The pictures in the data below are to be omitted; all else must be duplicated exactly.

# [GIVEN DATA]
⟨
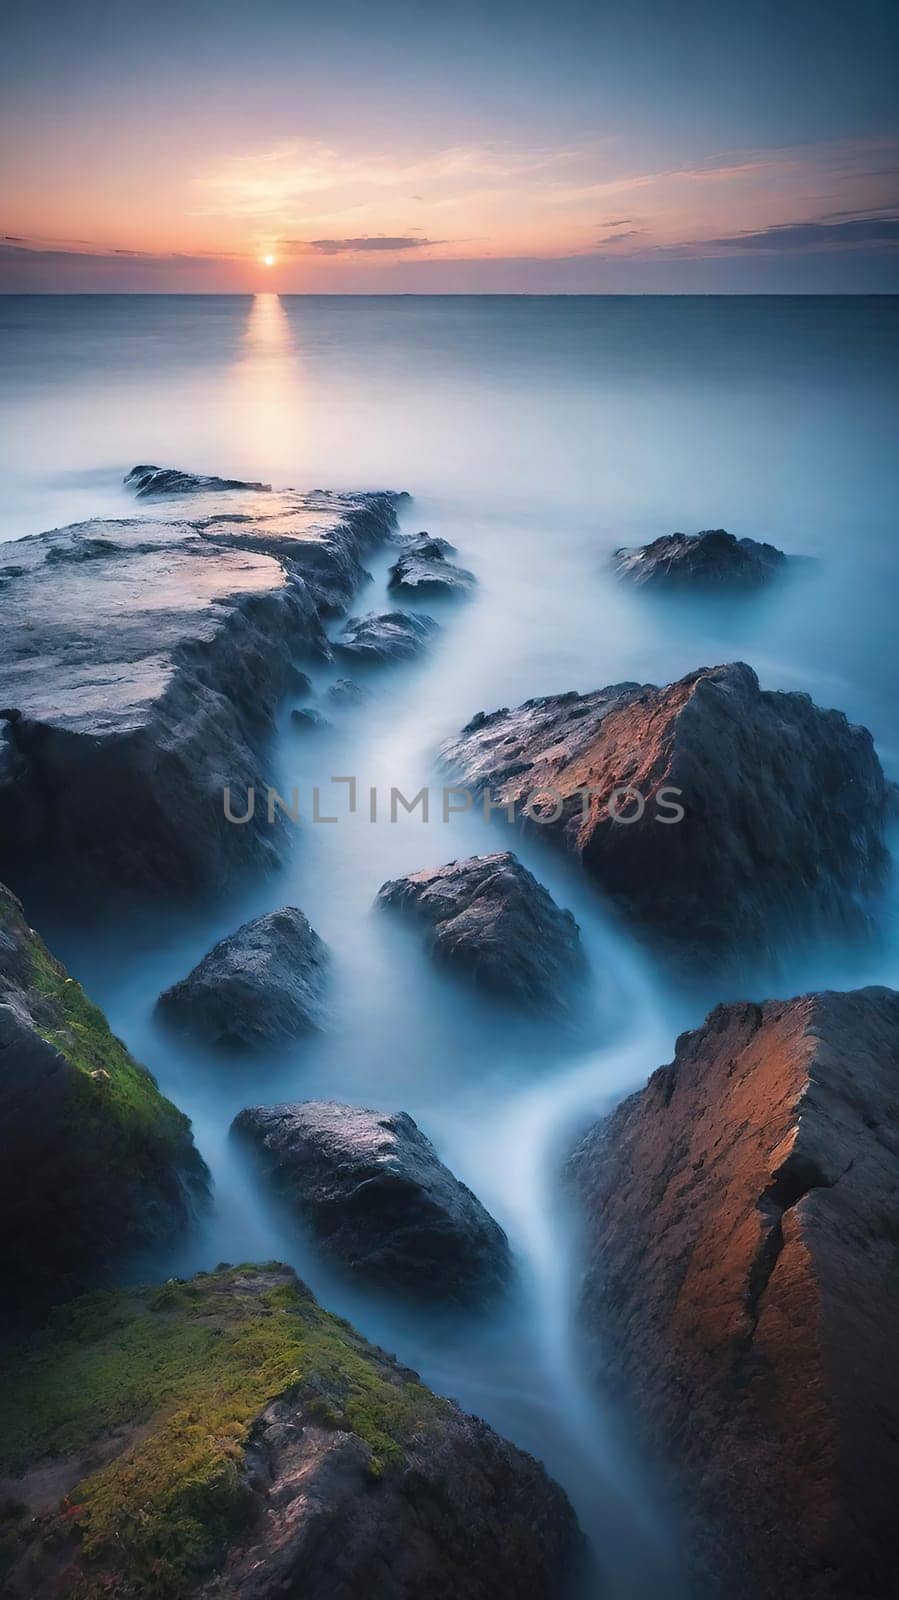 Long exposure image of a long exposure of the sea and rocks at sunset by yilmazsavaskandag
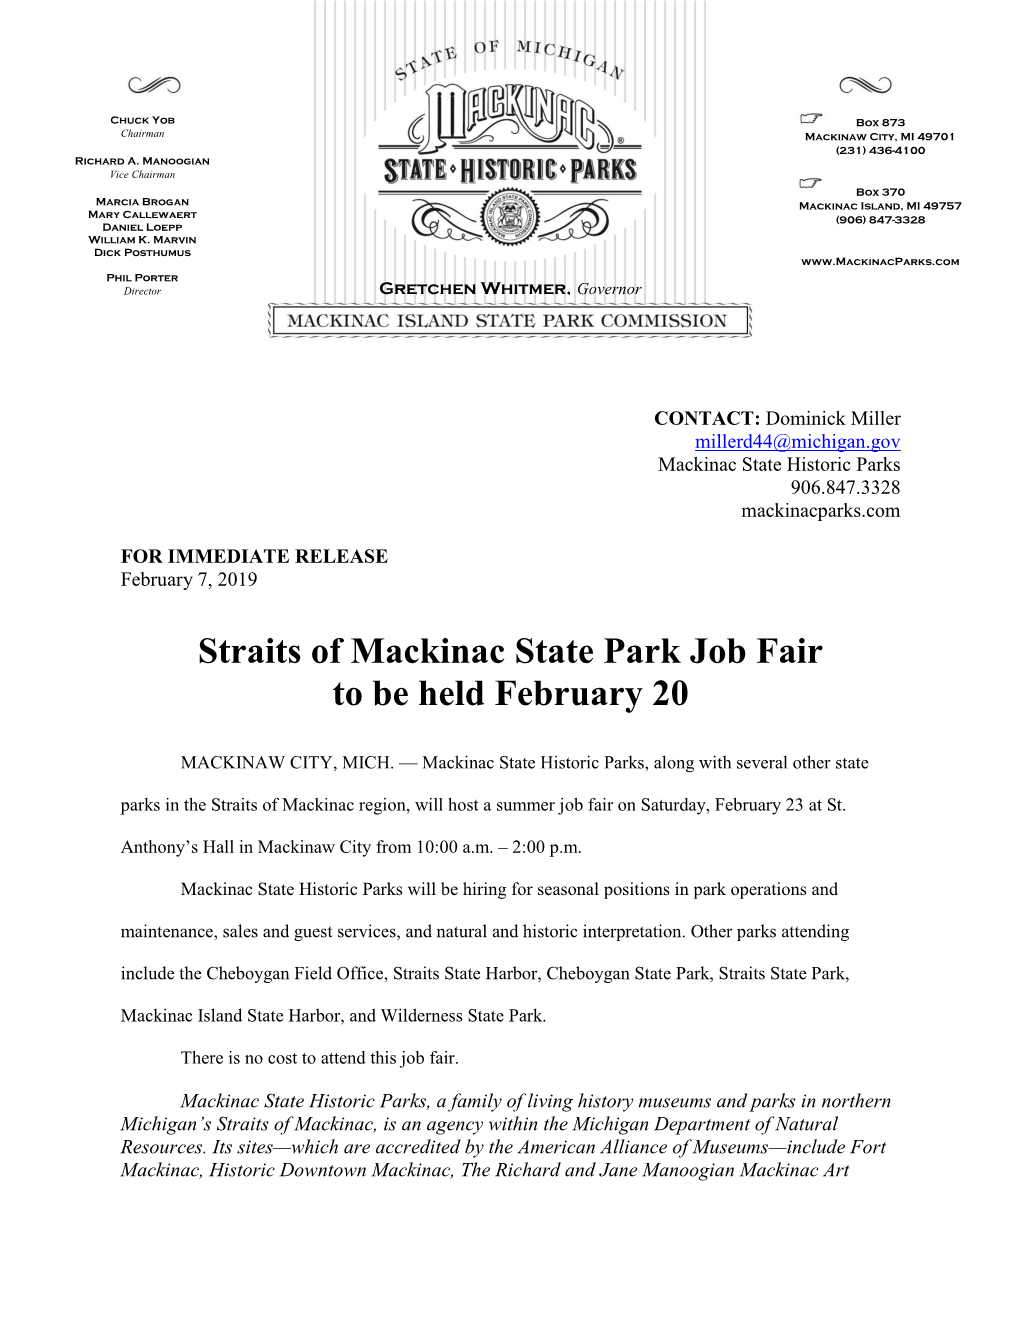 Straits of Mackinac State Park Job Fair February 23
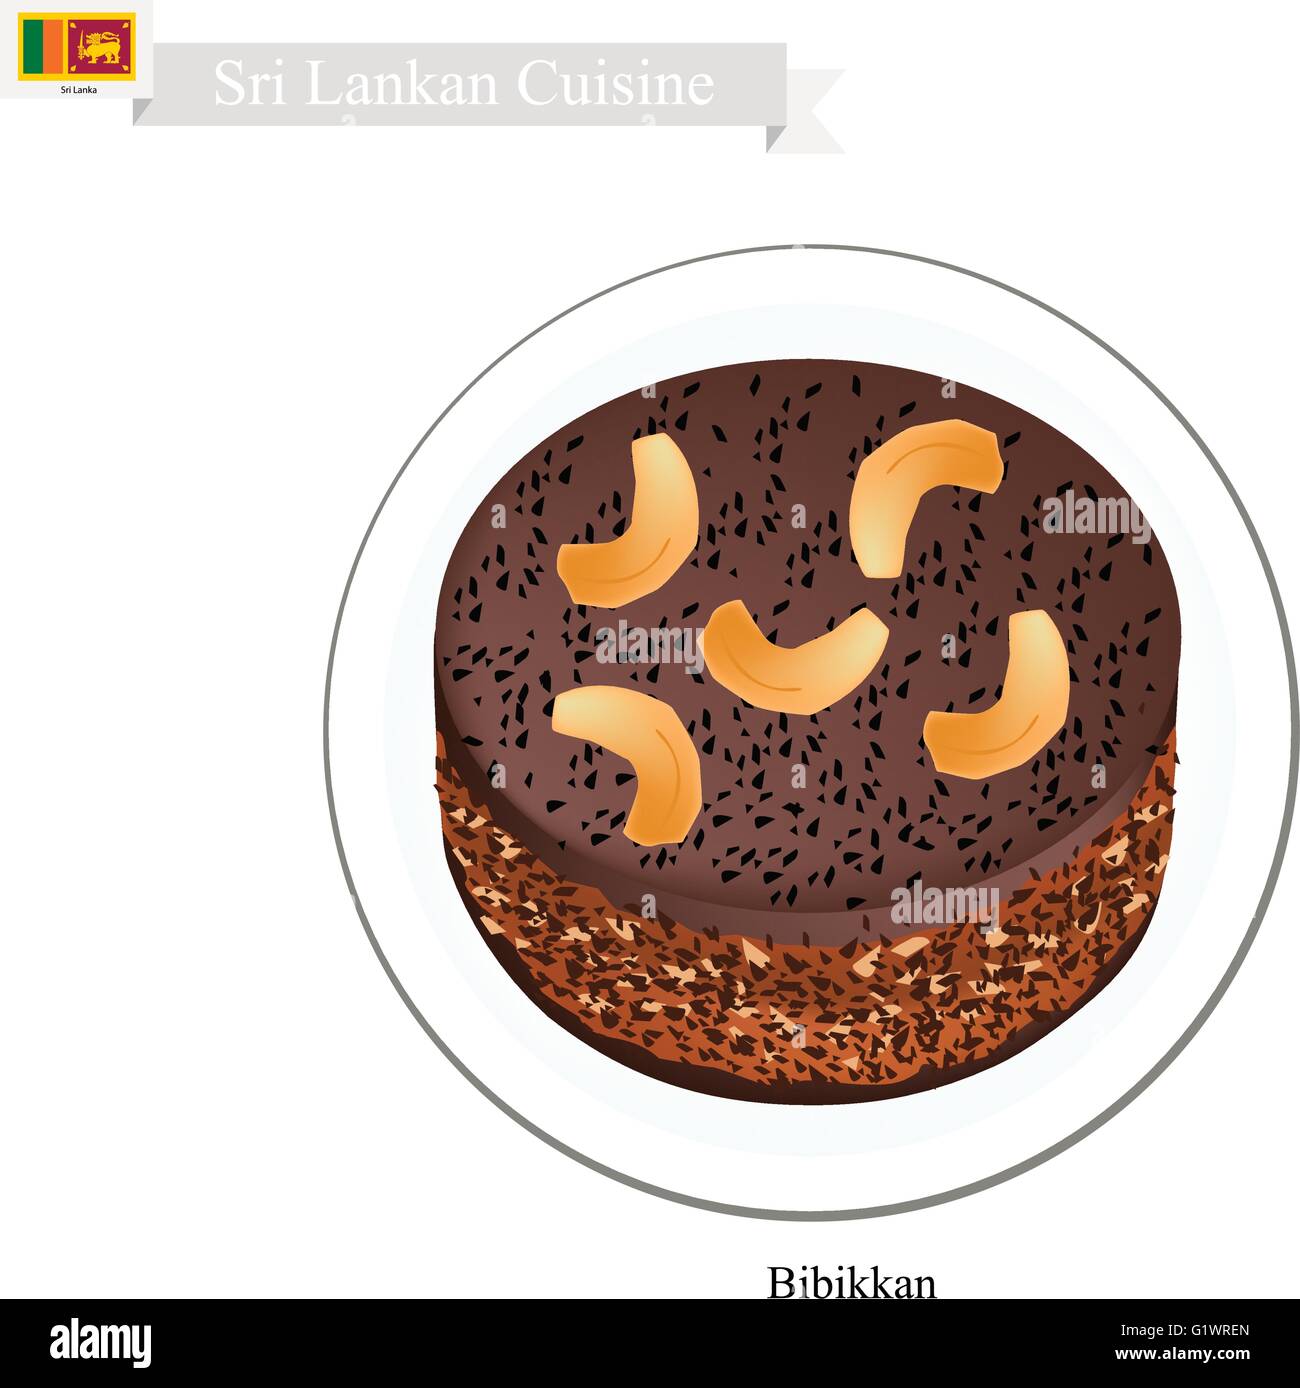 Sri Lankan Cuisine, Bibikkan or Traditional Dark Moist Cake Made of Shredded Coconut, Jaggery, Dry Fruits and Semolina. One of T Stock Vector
⟩
# [RESULT]
 Long exposure image of a long exposure of the sea and rocks at sunset by yilmazsavaskandag
 Straits of Mackinac State Park Job Fair February 23
 Sri Lankan Cuisine, Bibikkan or Traditional Dark Moist Cake Made of Shredded Coconut, Jaggery, Dry Fruits and Semolina. One of T Stock Vector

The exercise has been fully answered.